Task description
Everything in the listing below has to be repeated exactly, except the pictures.

Raw data
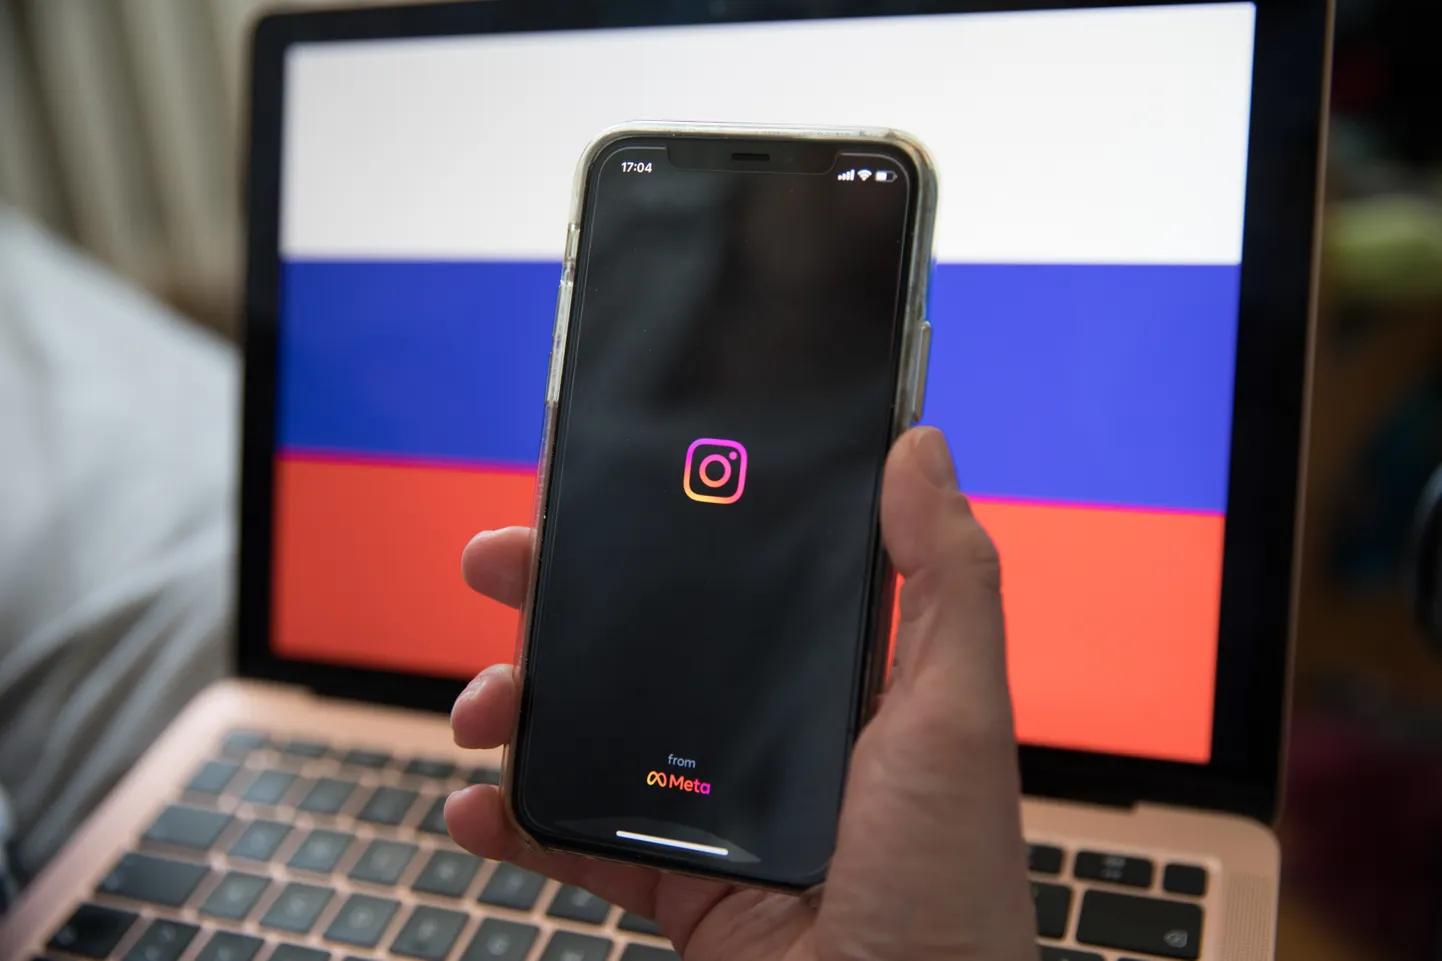 Venemaal on Instagram keelatud, kuid Vene kaitseministeerium teeb sinna ikka postitusi
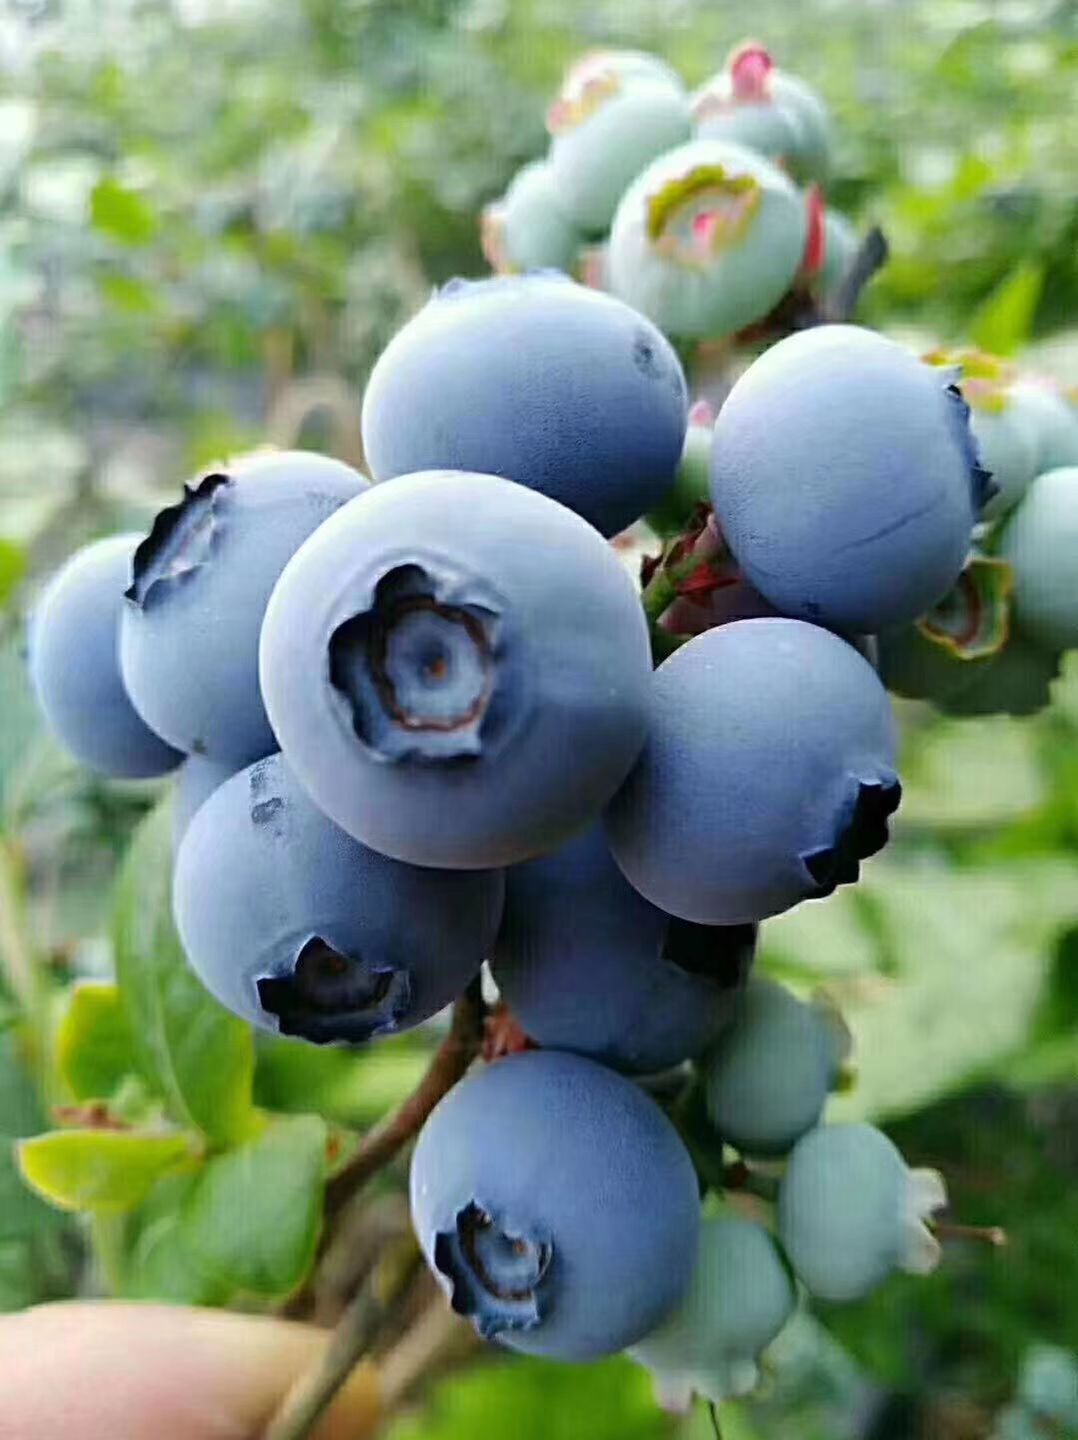 中国北极蓝莓图片
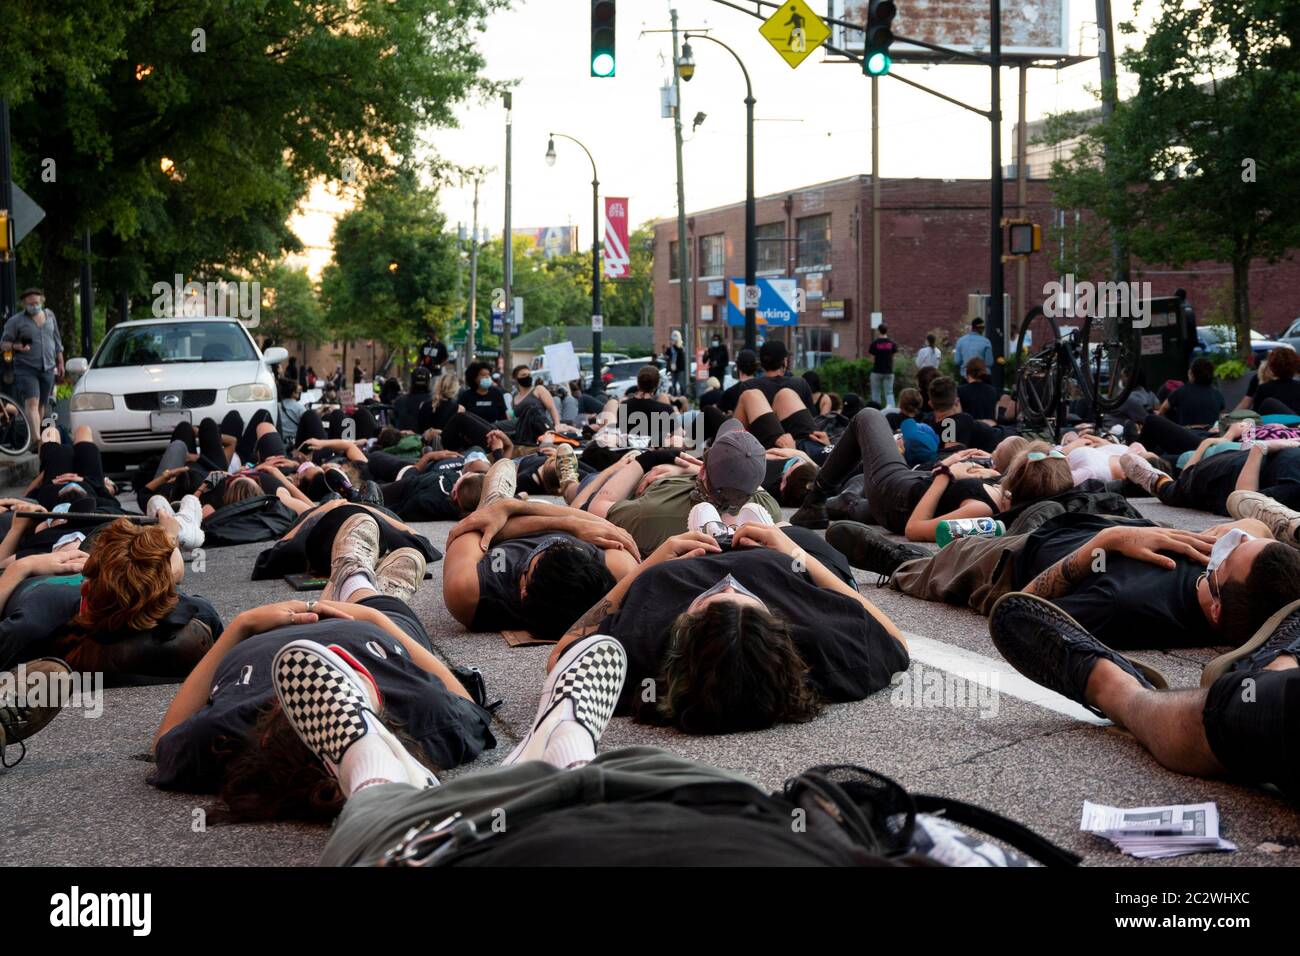 Atlanta, EE.UU. 17 de junio de 2020. Los manifestantes se sentaron en la calle fuera de la sede de la policía en Atlanta, EE.UU., en respuesta a los recientes asesinatos de negros por parte de la policía. Crédito: Micah Casella/Alamy Live News. Foto de stock

Task result
 Venemaal on Instagram keelatud, kuid Vene kaitseministeerium teeb sinna ikka postitusi
 中国北极蓝莓图片
 Atlanta, EE.UU. 17 de junio de 2020. Los manifestantes se sentaron en la calle fuera de la sede de la policía en Atlanta, EE.UU., en respuesta a los recientes asesinatos de negros por parte de la policía. Crédito: Micah Casella/Alamy Live News. Foto de stock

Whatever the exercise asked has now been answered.